Only the lines from the one that contains "Mural, Graffiti, ciclo" through the last line of the data below should be duplicated, exactly and without pictures.
**** Data section ****
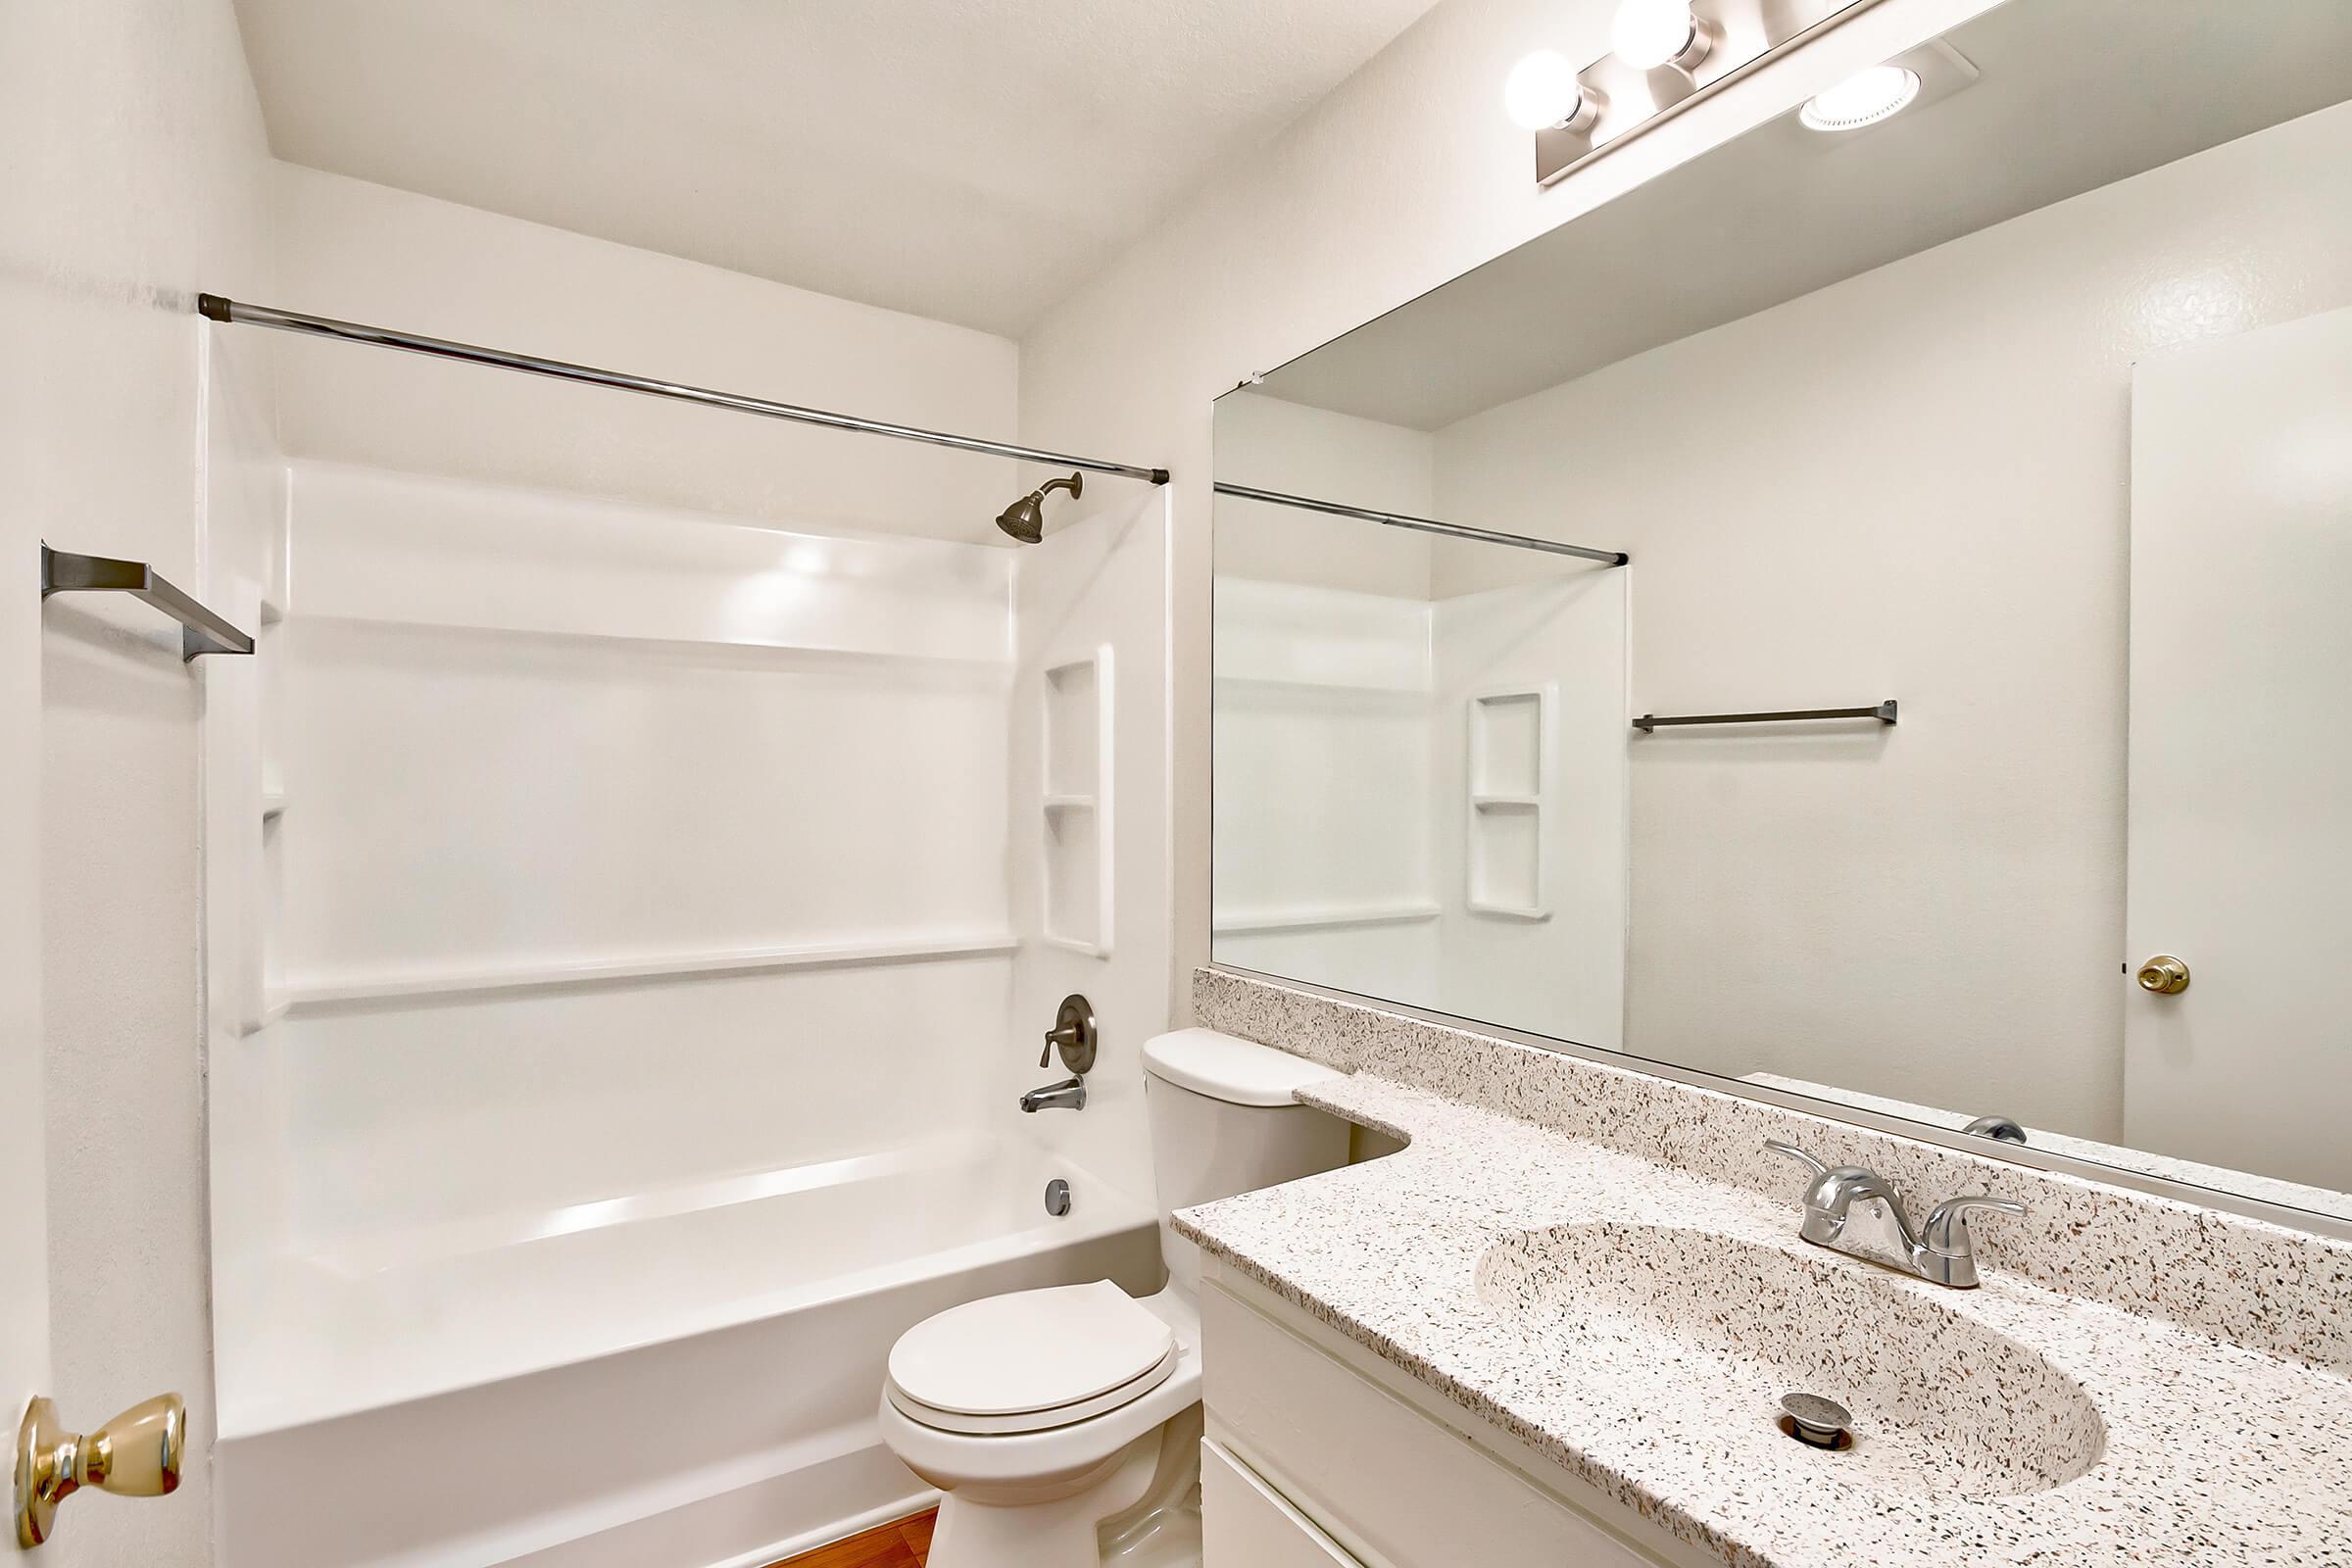 Bathroom_575-W-19Th-St-Costa-Mesa-CA_Park-Center-Place_RPI_II-280960-56.jpg
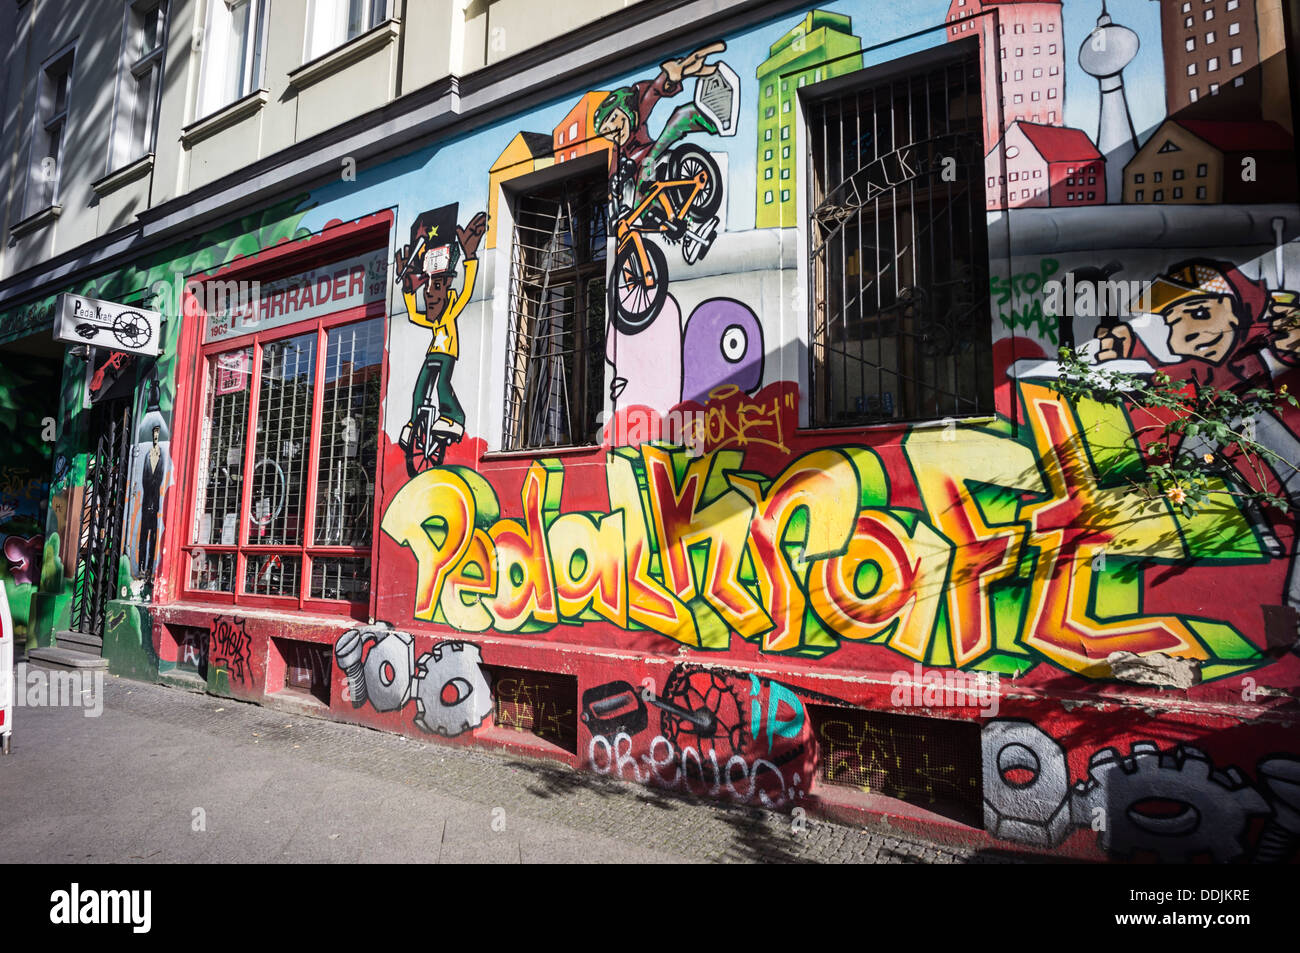 Mural, Graffiti, ciclo de tienda, Kreuzberg, Berlín Imagen De Stock
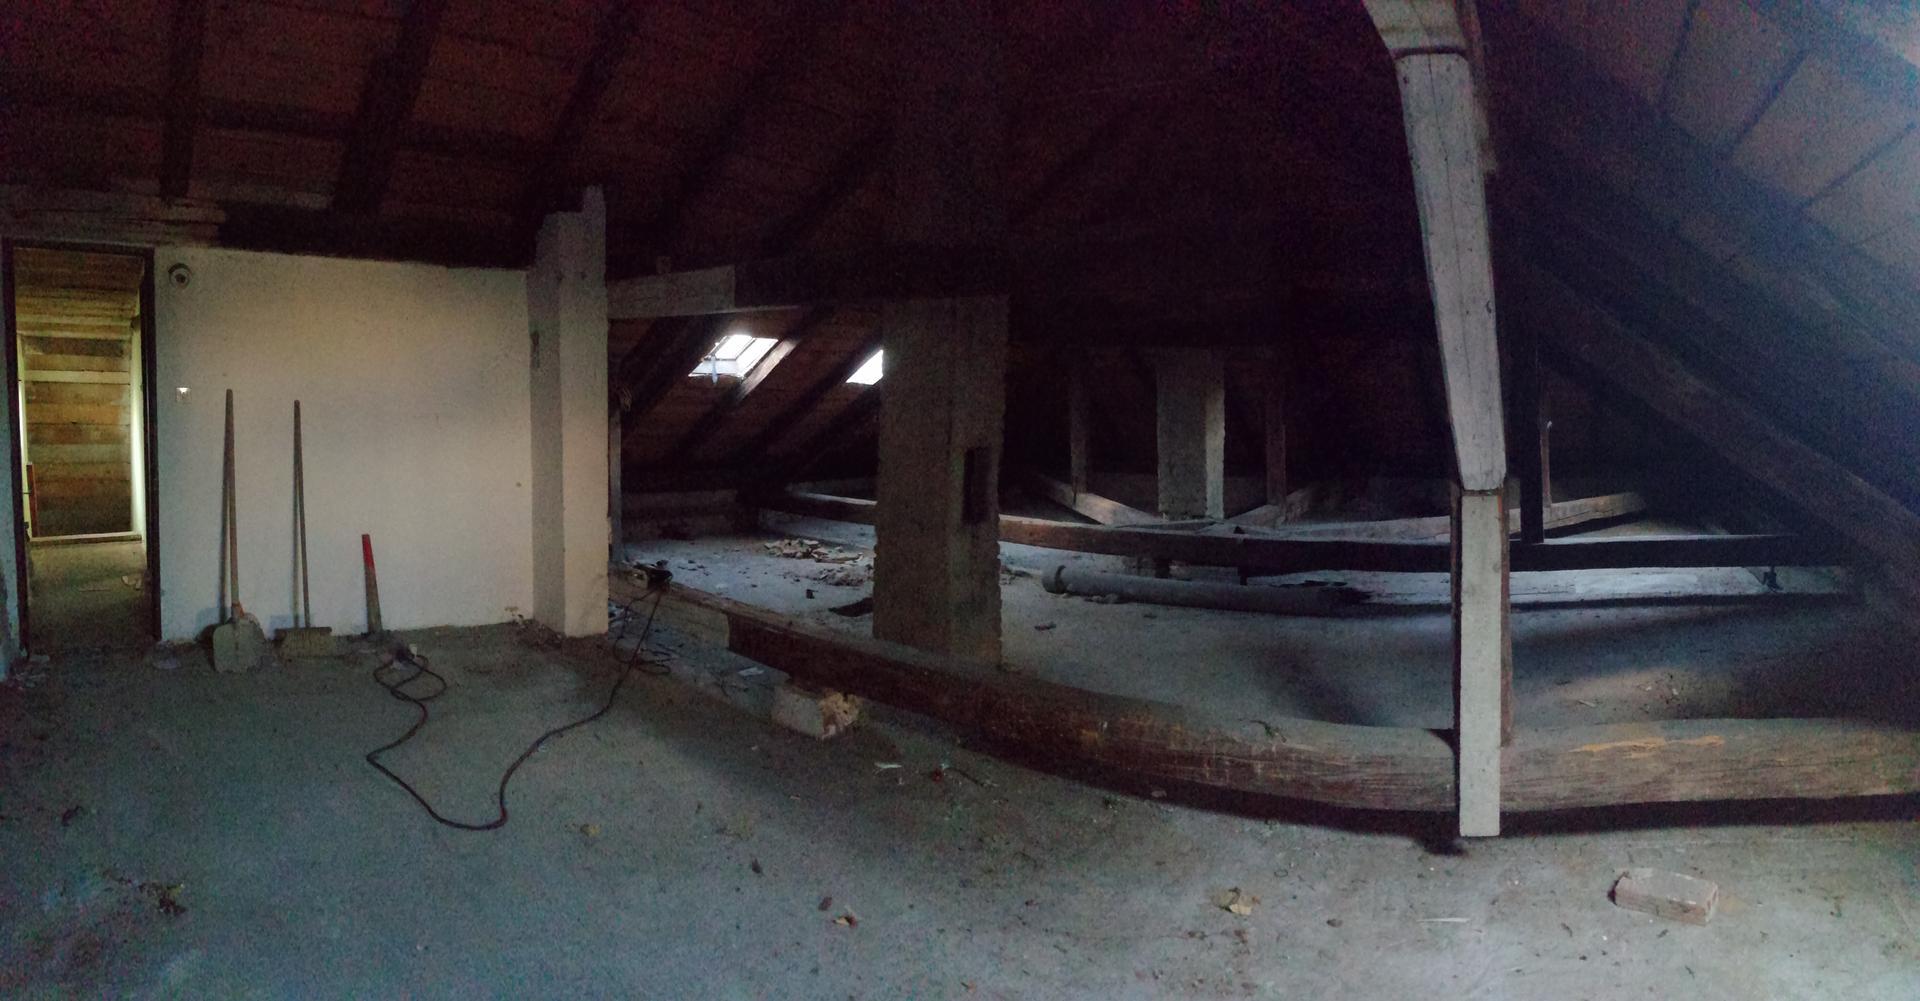 Prestavba podkrovia zo sedlovo valbovej na sedlovú strechu. - Obrázok č. 29
****
* _Answer to this problem_
 Mural, Graffiti, ciclo de tienda, Kreuzberg, Berlín Imagen De Stock
 Prestavba podkrovia zo sedlovo valbovej na sedlovú strechu. - Obrázok č. 29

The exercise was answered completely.